■ **DATA EXTRACT**:
+===+
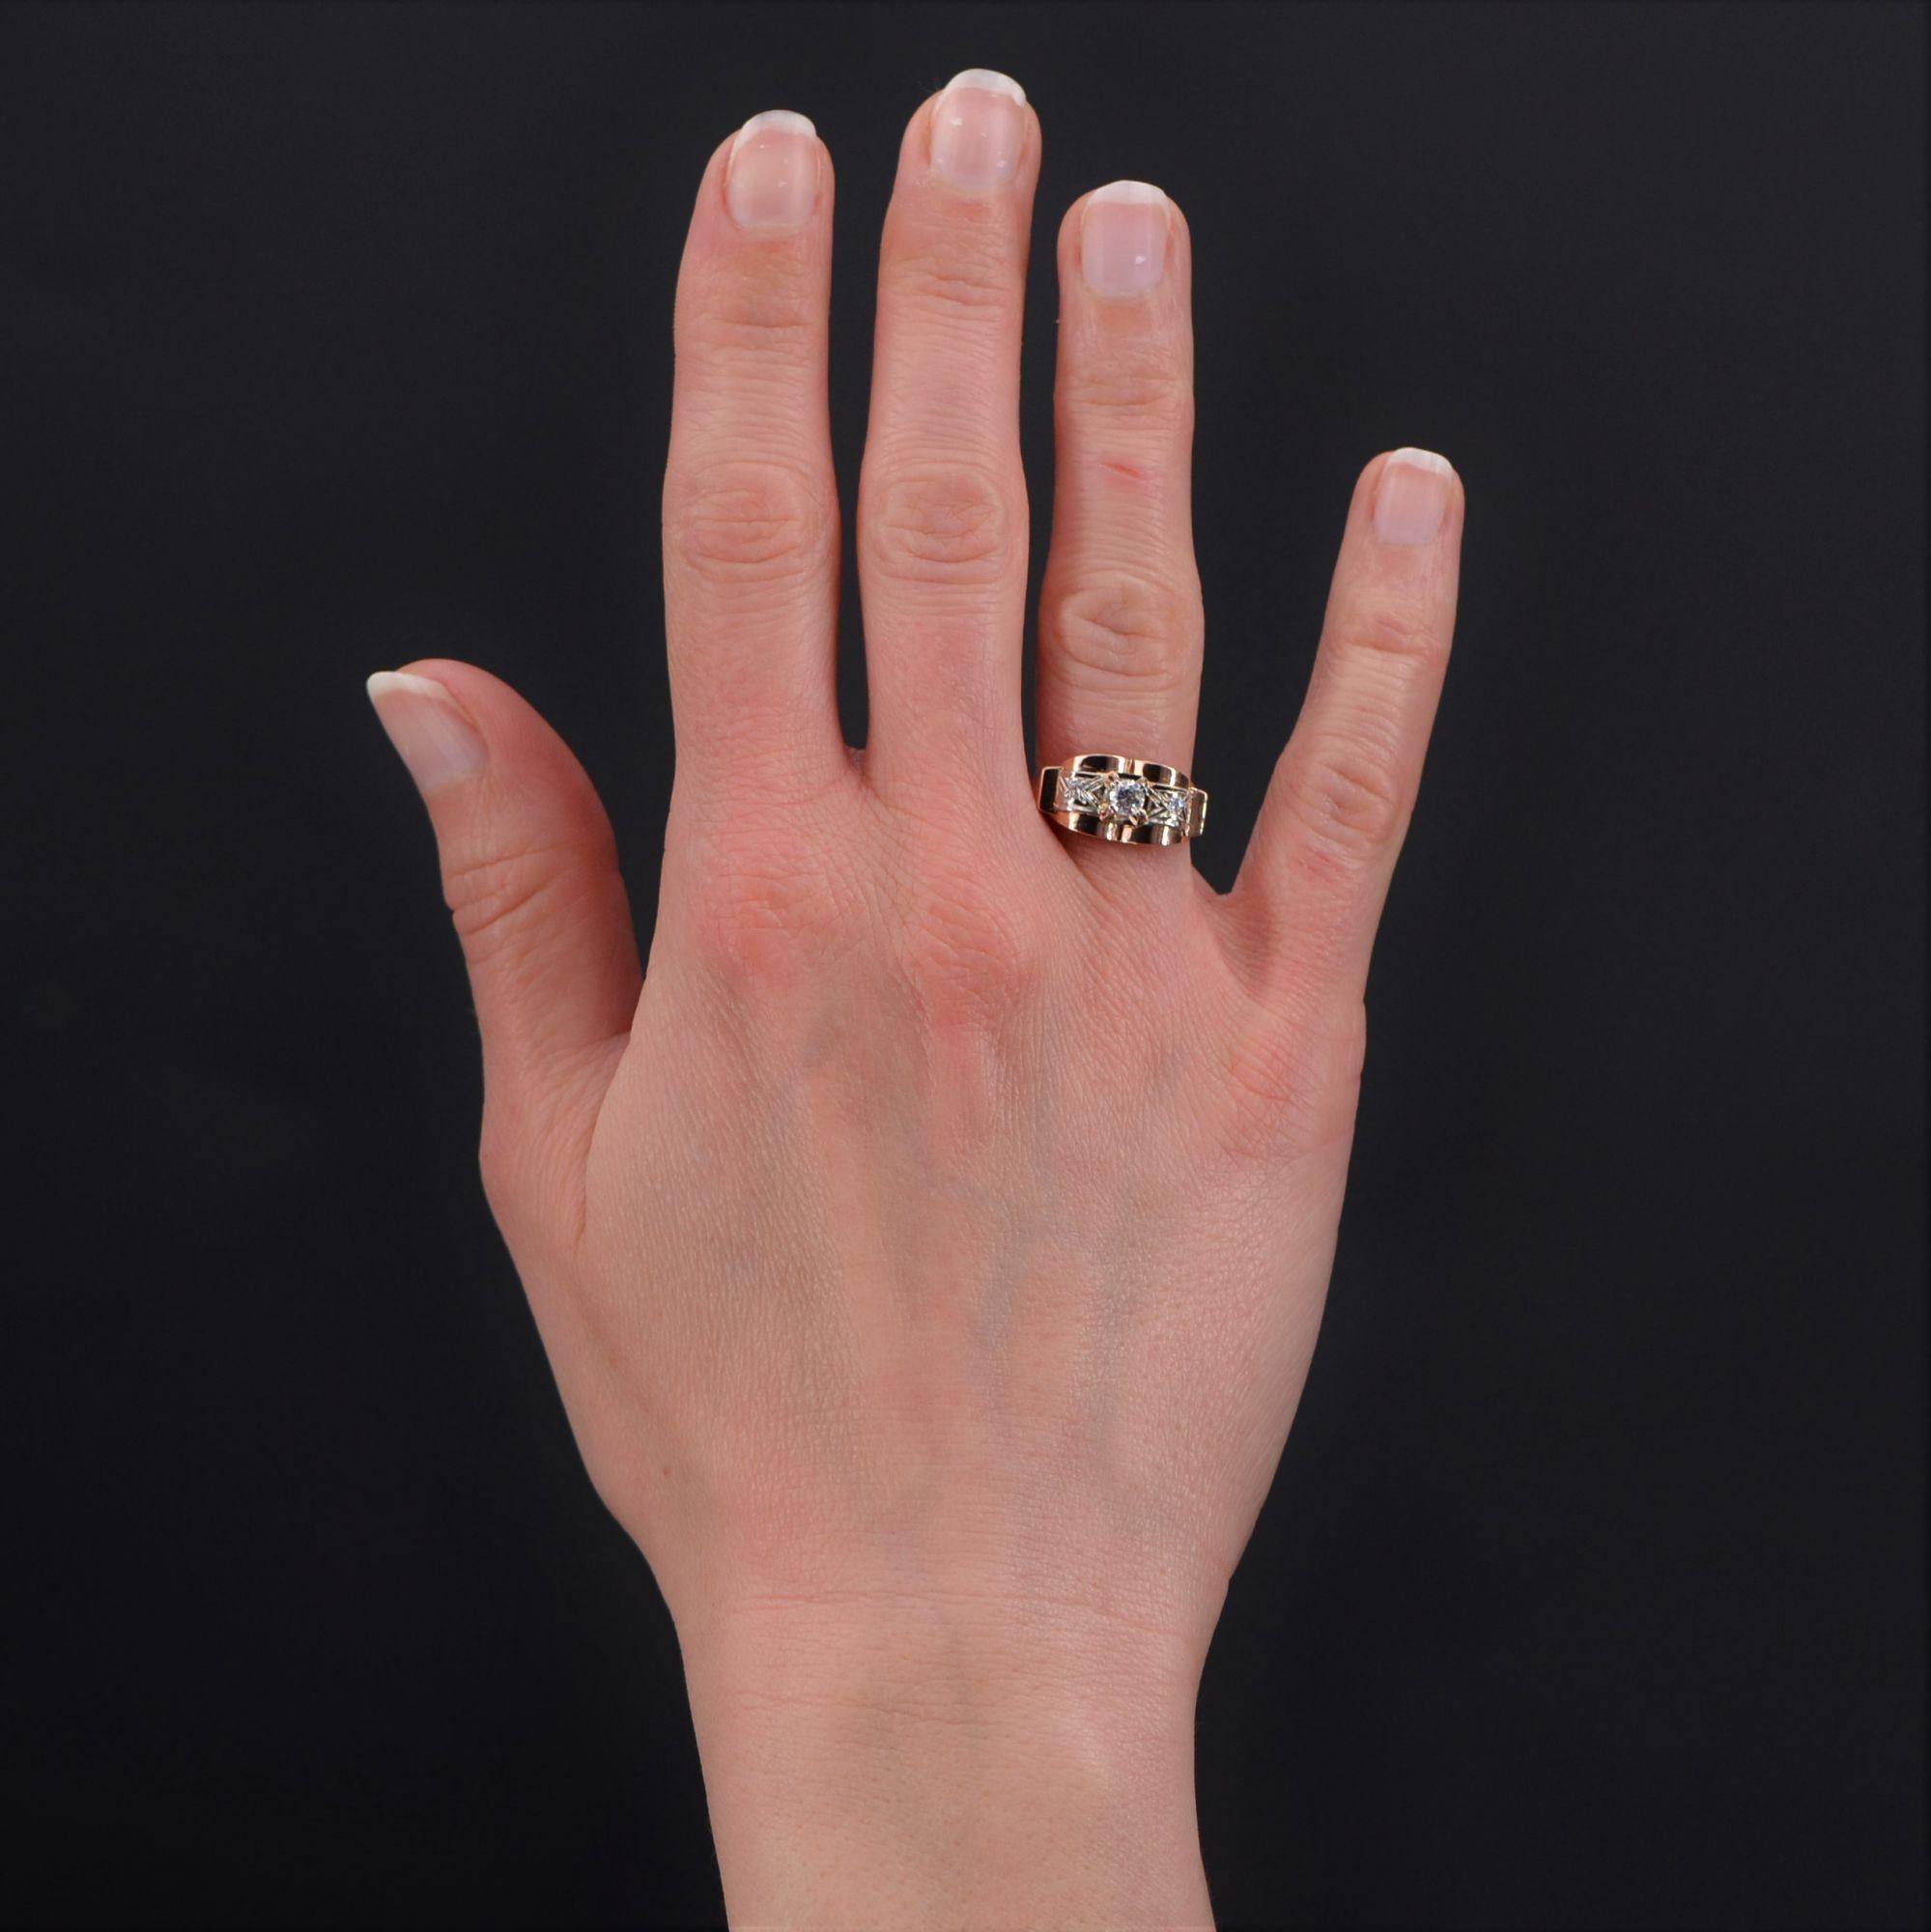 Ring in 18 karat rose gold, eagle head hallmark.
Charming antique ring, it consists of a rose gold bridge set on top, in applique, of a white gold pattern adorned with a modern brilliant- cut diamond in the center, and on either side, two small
+===+
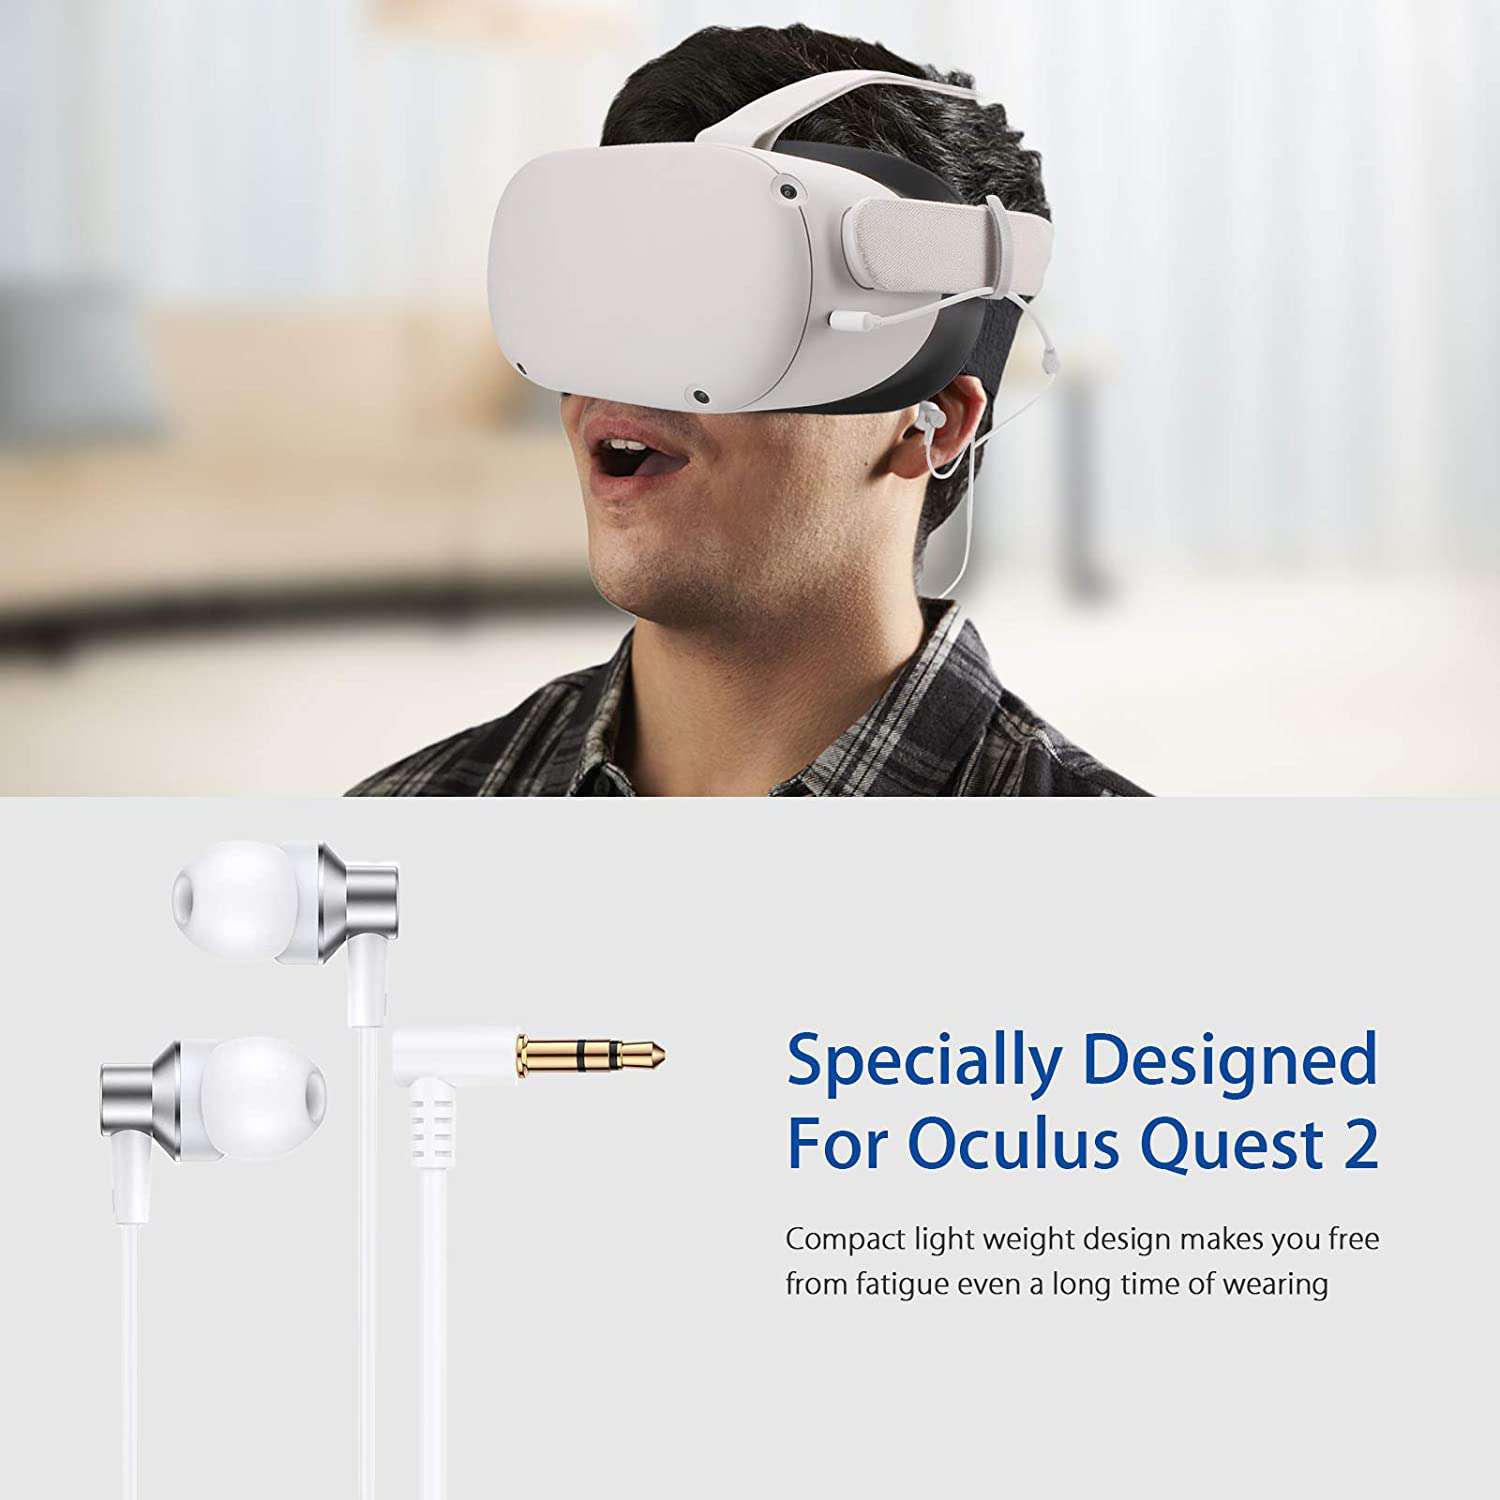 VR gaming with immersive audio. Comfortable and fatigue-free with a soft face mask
+===+
■ **TRY IT**:
Treat the line with "Ring in 18 karat" as the start and the line with "Charming antique ring, it" as the end, and return exactly that span of the data above, both ends included, without pictures.

■ **SOLUTION TO THE PROBLEM**:
 Ring in 18 karat rose gold, eagle head hallmark.
Charming antique ring, it consists of a rose gold bridge set on top, in applique, of a white gold pattern adorned with a modern brilliant- cut diamond in the center, and on either side, two small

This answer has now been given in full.